Bevor du den Vertrag unterschreibst, solltest du diese praktischen Fakten überprüfen. Sie sind entscheidend dafür, ob deine Anlage die versprochenen Zahlen auch liefert.

• Standortanalyse: Lass dir vom Installateur die prognostizierte Jahresproduktion (kWh) für deine exakte Dachneigung und Himmelsrichtung ausweisen. Vergleiche diese Zahl mit deinem Vorjahresverbrauch.

• Garantien checken: Achte auf die Leistungsgarantie der Module (meist 80 % nach 25 Jahren) und die Produktgarantie (meist 10 bis 15 Jahre). Gute Garantien sind ein Zeichen für langlebige Technik.

• Wartungskosten: Die meisten modernen Anlagen brauchen kaum Wartung. Plane trotzdem eine jährliche Sichtprüfung ein. Die Kosten für den Wechselrichter (das Teil, das am ehesten ersetzt werden muss) solltest du im Hinterkopf behalten – die Lebensdauer liegt meist zwischen 10 und 15 Jahren.

• Strompreisentwicklung: Wenn du die Amortisationsrechnung machst, rechne konservativ mit einer jährlichen Steigerung deines Strompreises um 3 bis 5 Prozent. Das macht die Investition noch attraktiver, da deine Ersparnis jedes Jahr größer wird.

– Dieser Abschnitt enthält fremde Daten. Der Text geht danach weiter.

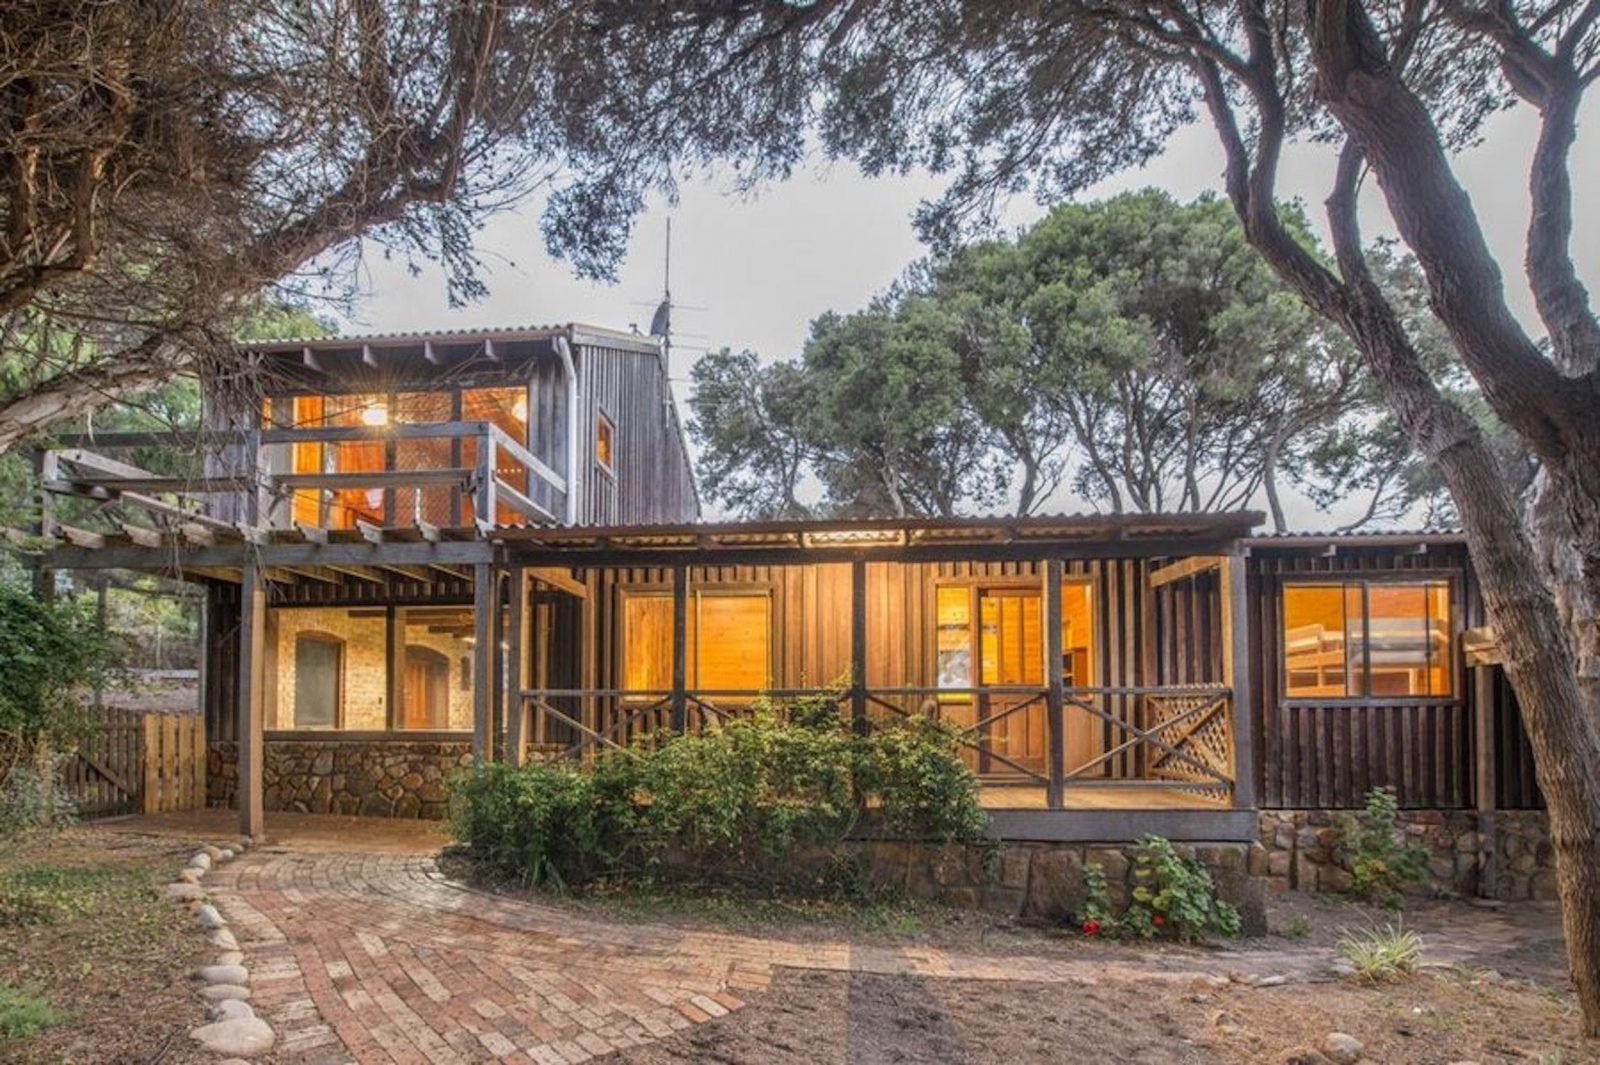 Yallingup Beach House, Yallingup, Western Australia

Diese Zahlen und Fakten zeigen, dass Solarenergie heute keine Zukunftsmusik mehr ist, sondern eine sehr konkrete, kalkulierbare Investition in deine Unabhängigkeit. Du hast die Kontrolle über deine Energieversorgung, und die Technologie ist ausgereift genug, um dir verlässliche Erträge zu liefern.

häufig gestellte fragen

wie lange hält so eine solaranlage wirklich?

Die Module selbst sind extrem robust gebaut und haben oft Leistungsgarantien von 25 Jahren. Das bedeutet, sie produzieren auch nach dieser Zeit noch mindestens 80 Prozent ihrer ursprünglichen Leistung. In der Praxis laufen viele Anlagen weit länger als 30 Jahre. Der Wechselrichter muss eventuell früher ausgetauscht werden, rechne hierfür mit etwa 10 bis 15 Jahren Standzeit.

muss ich meinen kompletten strombedarf decken?

Nein, das ist nicht das Ziel. Es ist oft wirtschaftlicher, nur so viel zu installieren, wie du realistisch selbst verbrauchen kannst oder durch einen Speicher puffern kannst. Alles, was du nicht selbst verbrauchst, wird eingespeist und oft zu einem geringeren Satz vergütet. Ziel ist die größtmögliche Reduzierung deines teuren Netzbezugs.

was passiert bei einem stromausfall mit meiner anlage?

Die meisten normalen PV-Anlagen schalten sich bei einem Stromausfall aus Sicherheitsgründen sofort ab. Das dient dem Schutz der Arbeiter im öffentlichen Netz. Willst du auch bei einem Blackout Strom nutzen können, brauchst du spezielle Systeme, die eine Notstromversorgung ermöglichen. Diese müssen bei der Installation explizit mit einem Speicher kombiniert werden.